EUR-Lex Access to European Union law

Back to EUR-Lex homepage

This document is an excerpt from the EUR-Lex website

Document 52018PC0672

Voorstel voor een BESLUIT VAN DE RAAD betreffende het standpunt dat namens de Europese Unie moet worden ingenomen in het Associatiecomité in zijn samenstelling voor handelsvraagstukken, opgericht krachtens de Associatieovereenkomst tussen de Europese Unie en de Europese Gemeenschap voor Atoomenergie en hun lidstaten, enerzijds, en Oekraïne, anderzijds

COM/2018/672 final

Brussel, 10.10.2018

COM(2018) 672 final

2018/0346(NLE)

Voorstel voor een

BESLUIT VAN DE RAAD

betreffende het standpunt dat namens de Europese Unie moet worden ingenomen in het Associatiecomité in zijn samenstelling voor handelsvraagstukken, opgericht krachtens de Associatieovereenkomst tussen de Europese Unie en de Europese Gemeenschap voor Atoomenergie en hun lidstaten, enerzijds, en Oekraïne, anderzijds


TOELICHTING

1.Onderwerp van het voorstel

Dit voorstel betreft het besluit tot bepaling van het namens de Unie in het Associatiecomité in zijn samenstelling voor handelsvraagstukken in te nemen standpunt met betrekking tot de voorgenomen vaststelling van een besluit betreffende het opstellen van de lijst van personen die als scheidsrechter in geschillenbeslechtingsprocedures kunnen optreden.

2.Achtergrond van het voorstel

2.1.De associatieovereenkomst

De Associatieovereenkomst tussen de Europese Unie en de Europese Gemeenschap voor Atoomenergie en hun lidstaten, enerzijds, en Oekraïne, anderzijds (hierna "de overeenkomst" genoemd) heeft tot doel de voorwaarden te scheppen voor versterkte economische en handelsrelaties in het licht van de geleidelijke integratie van Oekraïne in de interne markt van de EU, onder meer door het opzetten van een diepe en brede vrijhandelsruimte als bepaald in titel IV (Handel en daarmee verband houdende aangelegenheden) van de overeenkomst, en de inspanningen van Oekraïne te ondersteunen om de overgang naar een goed functionerende markteconomie te voltooien, onder meer door de wetgeving geleidelijk af te stemmen op de EU-wetgeving.

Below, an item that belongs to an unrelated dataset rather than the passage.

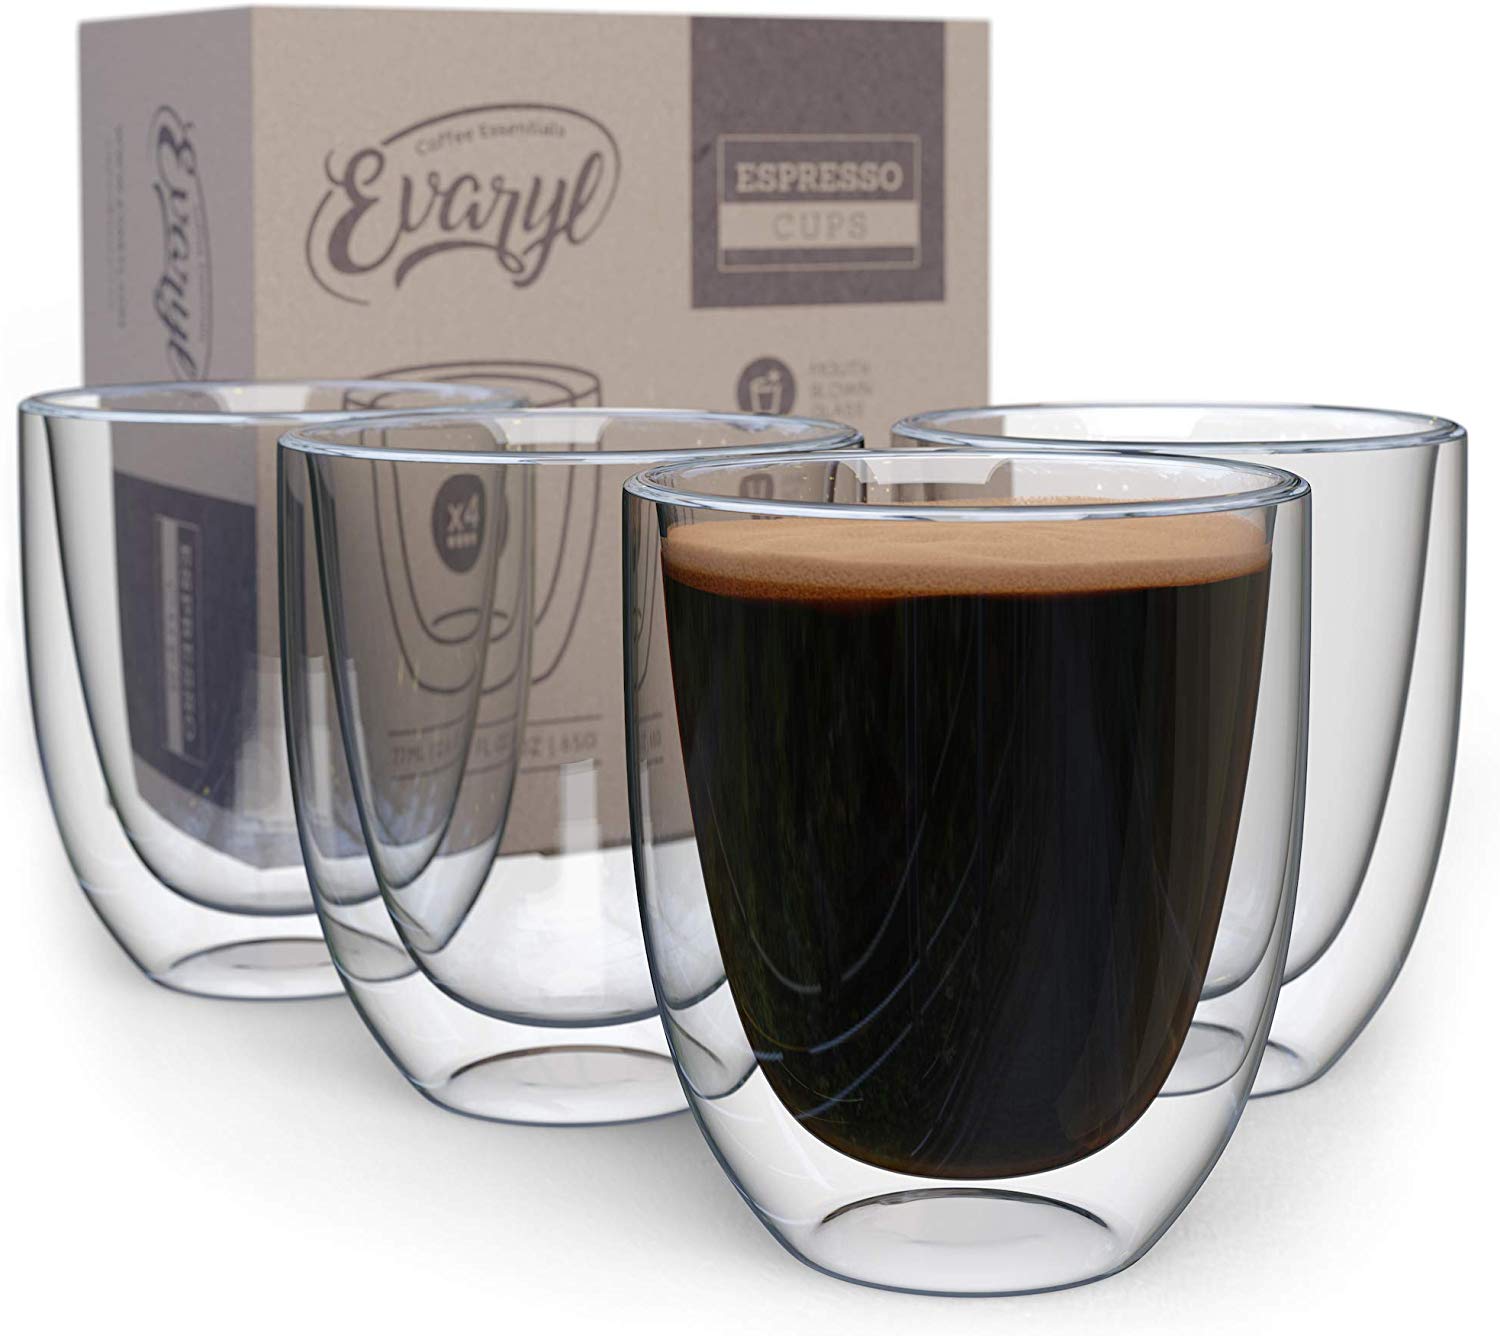 Evaryl Double Wall Espresso Cups, Set Of 4

De overeenkomst is op 1 september 2017 in werking getreden.

2.2.Het Associatiecomité in zijn samenstelling voor handelsvraagstukken

Het Associatiecomité in zijn samenstelling voor handelsvraagstukken als een specifieke samenstelling voor de bespreking van alle onderwerpen met betrekking tot titel IV (Handel en daarmee verband houdende aangelegenheden) van de overeenkomst wordt in artikel 465, lid 4, van de overeenkomst beschreven. Krachtens artikel 465, lid 3, van de overeenkomst is het Associatiecomité bevoegd om besluiten vast te stellen in de in de overeenkomst genoemde gevallen en op de terreinen waarvoor de Associatieraad bevoegdheden heeft overgedragen aan het Associatiecomité. Deze besluiten zijn bindend voor de partijen, die de nodige maatregelen moeten treffen voor de uitvoering ervan. Het Associatiecomité moet zijn besluiten vaststellen in onderlinge overeenstemming tussen de partijen.

2.3.De beoogde handeling van het Associatiecomité in zijn samenstelling voor handelsvraagstukken

Het Associatiecomité in zijn samenstelling voor handelsvraagstukken moet een besluit vaststellen betreffende het opstellen van een lijst van personen die bereid en in staat zijn om als scheidsrechter in geschillenbeslechtingsprocedures op te treden. Het doel van de beoogde handeling is te voorzien in een mechanisme om met handel verband houdende geschillen met betrekking tot de toepassing en interpretatie van het handelsgedeelte van de overeenkomst tussen de partijen bij de overeenkomst te beslechten. Volgens de in hoofdstuk 14 van de overeenkomst vastgestelde arbitrageprocedure kan de klagende partij verzoeken om de instelling van een arbitragepanel om een bilateraal geschil te beslechten.

Krachtens artikel 323 van de overeenkomst moeten de partijen een lijst opstellen van mogelijke scheidsrechters die in aanmerking komen en beschikbaar zijn voor de samenstelling van een panel. Die lijst moet bestaan uit 15 gekwalificeerde personen die als scheidsrechter kunnen optreden. Daarom werd met de regering van Oekraïne overlegd over een ontwerplijst van scheidsrechters die bereid en in staat zijn om in een arbitragepanel zitting te nemen; deze lijst bevat vijf kandidaat-scheidsrechters van de Unie, vijf kandidaat-scheidsrechters van Oekraïne en vijf onderdanen van derde landen die als voorzitter van een arbitragepanel kunnen optreden.

De door de Unie en Oekraïne voorgedragen kandidaten en de gekozen voorzitters hebben gespecialiseerde kennis of ervaring op het gebied van het recht en de internationale handel, zoals vereist op grond van artikel 323, lid 2, van de overeenkomst. Ook kan worden verwacht dat de 14 in de lijst opgenomen personen, wanneer zij door de partijen als scheidsrechter worden benoemd, voldoen aan het vereiste van onafhankelijkheid van artikel 323, lid 3, van de overeenkomst en in staat zijn zich te houden aan de in bijlage XXV bij de overeenkomst vermelde gedragscode.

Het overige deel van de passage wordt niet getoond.